## Exercise brief
Reproduce each line of the material exactly, minus any picture.

## Data block
----------------
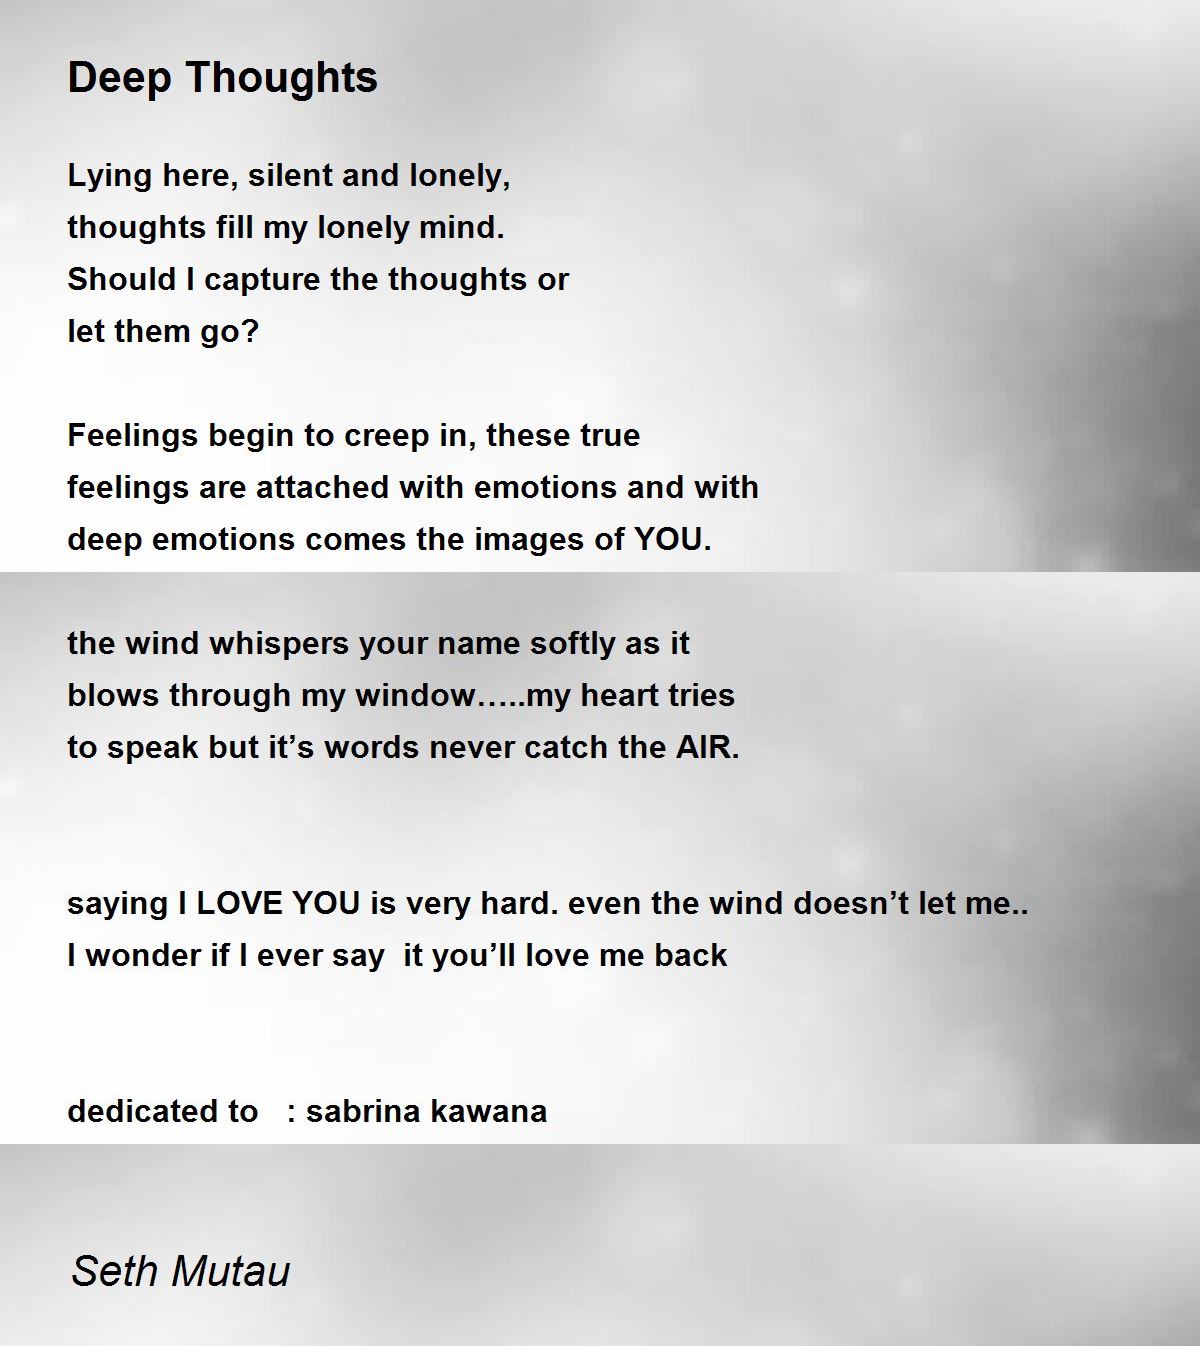 Deep Thoughts - Deep Thoughts Poem by Seth Mutau
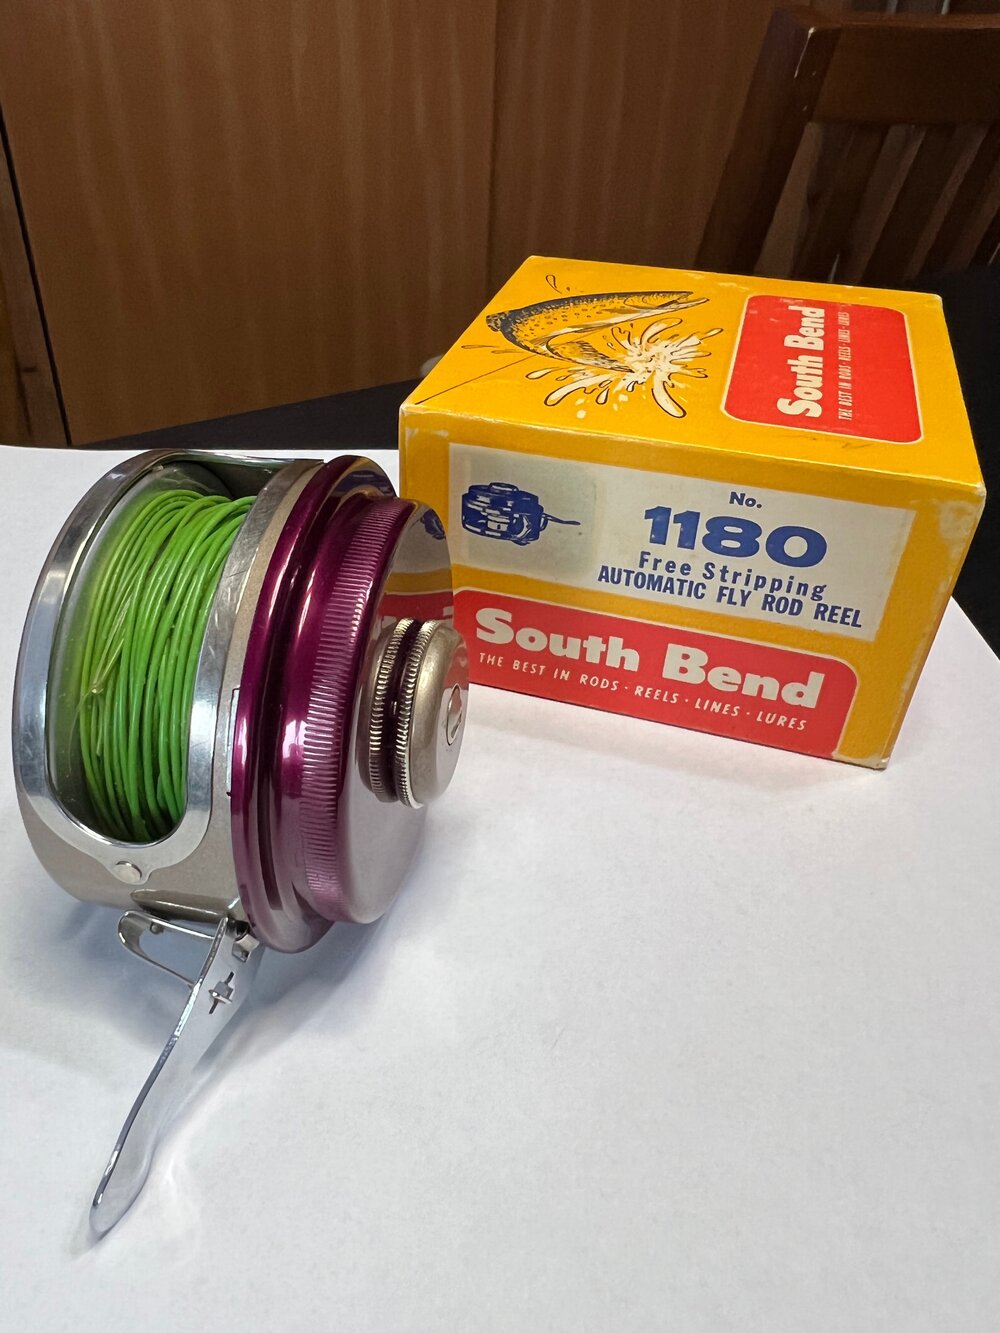 South Bend Auto-Matic Fly Rod Reel No. 1180 with original Box &  Instructions Circa -1942 — VINTAGE FISHING REELS
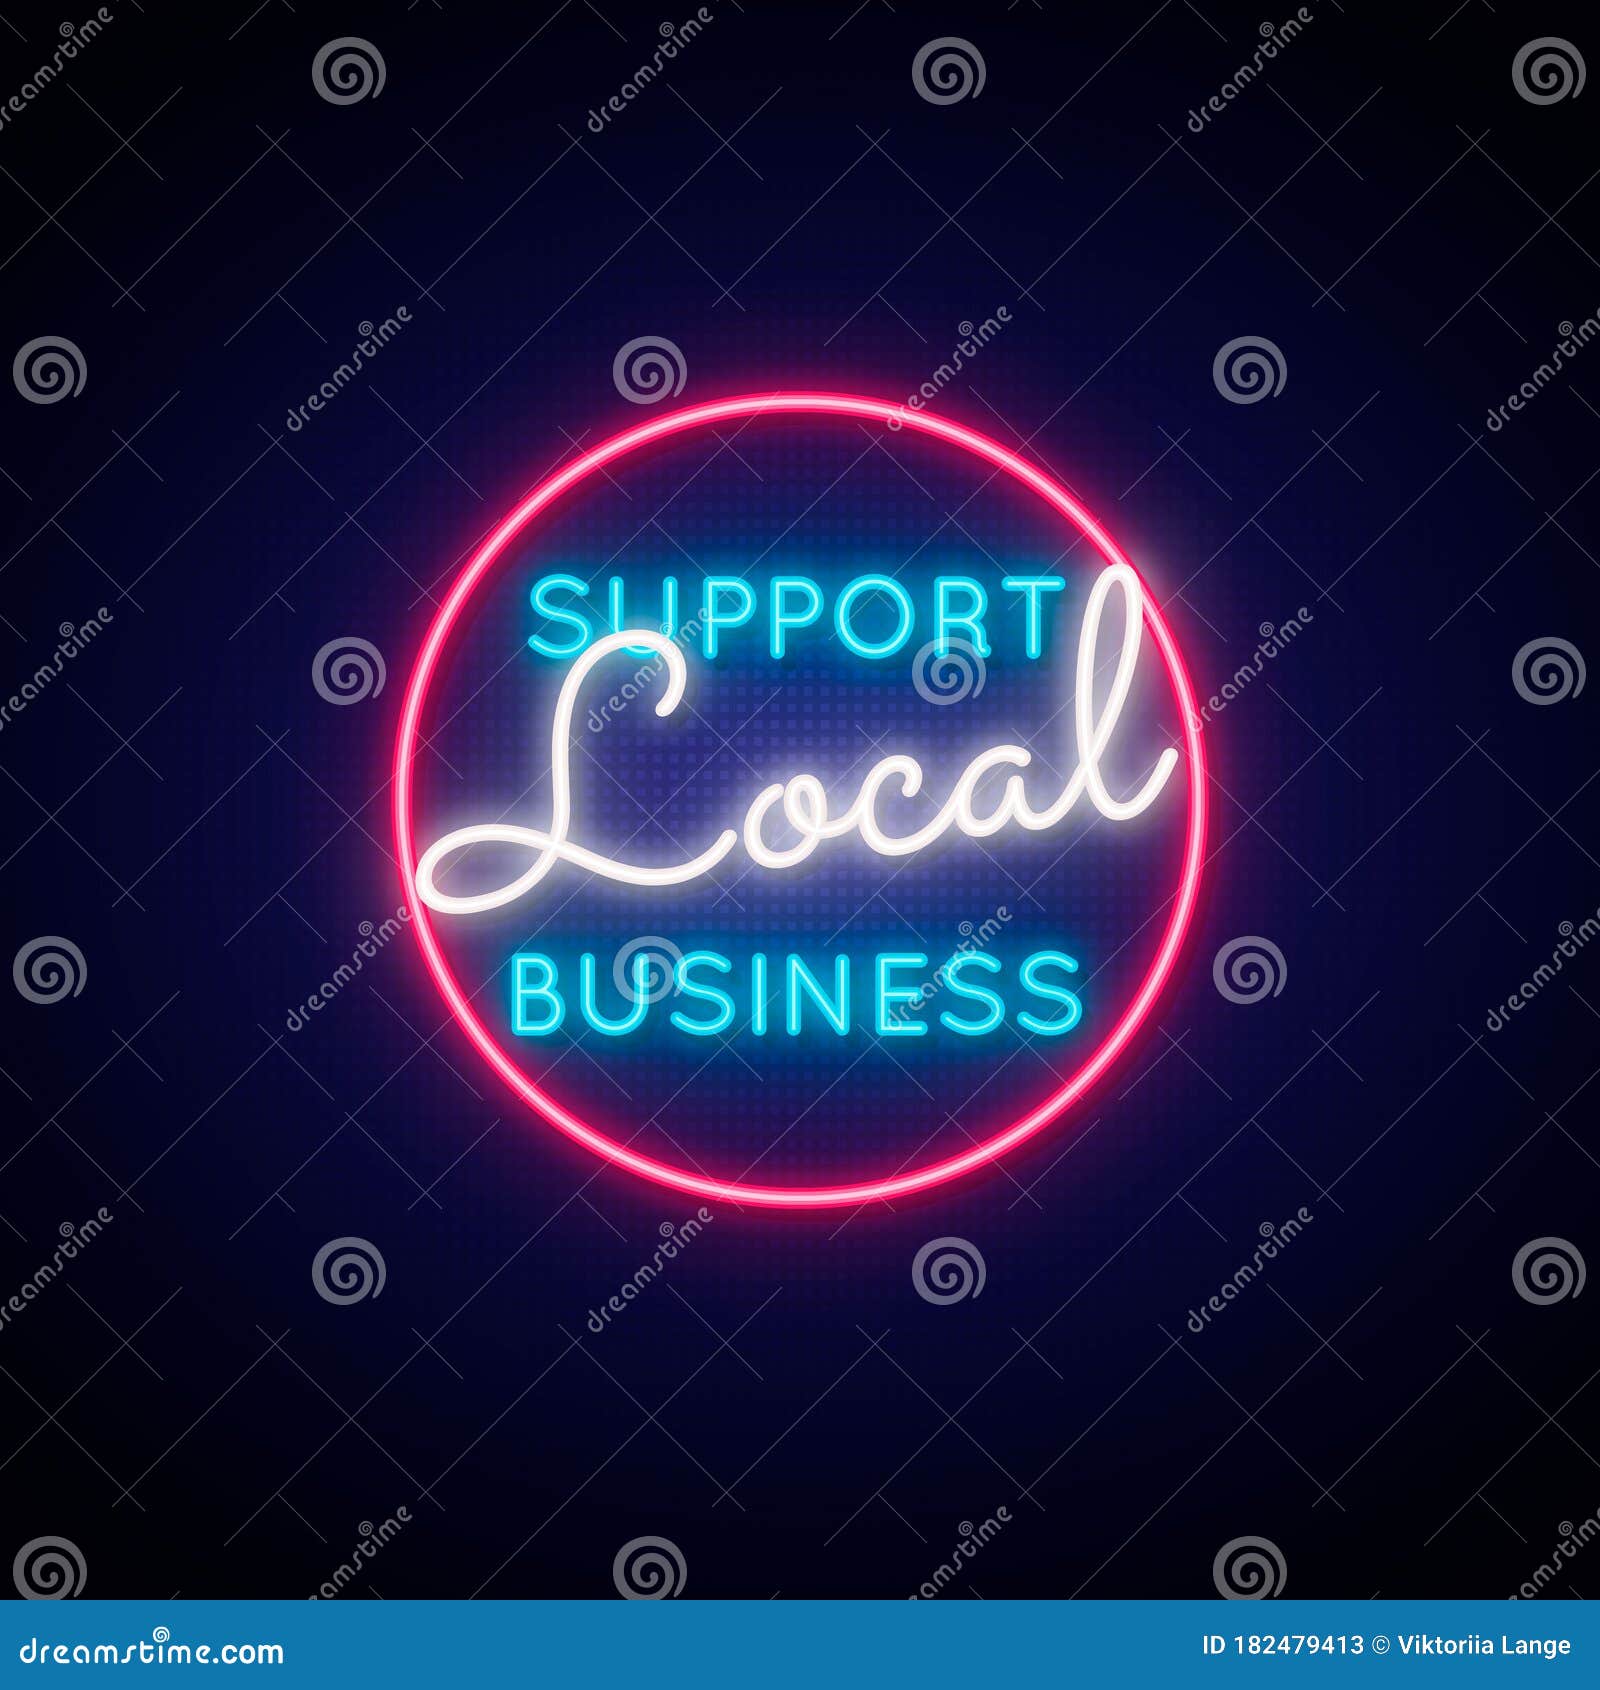 support local business neon sign.
----------------
## Problem solution
 Deep Thoughts - Deep Thoughts Poem by Seth Mutau
 South Bend Auto-Matic Fly Rod Reel No. 1180 with original Box &  Instructions Circa -1942 — VINTAGE FISHING REELS
 support local business neon sign.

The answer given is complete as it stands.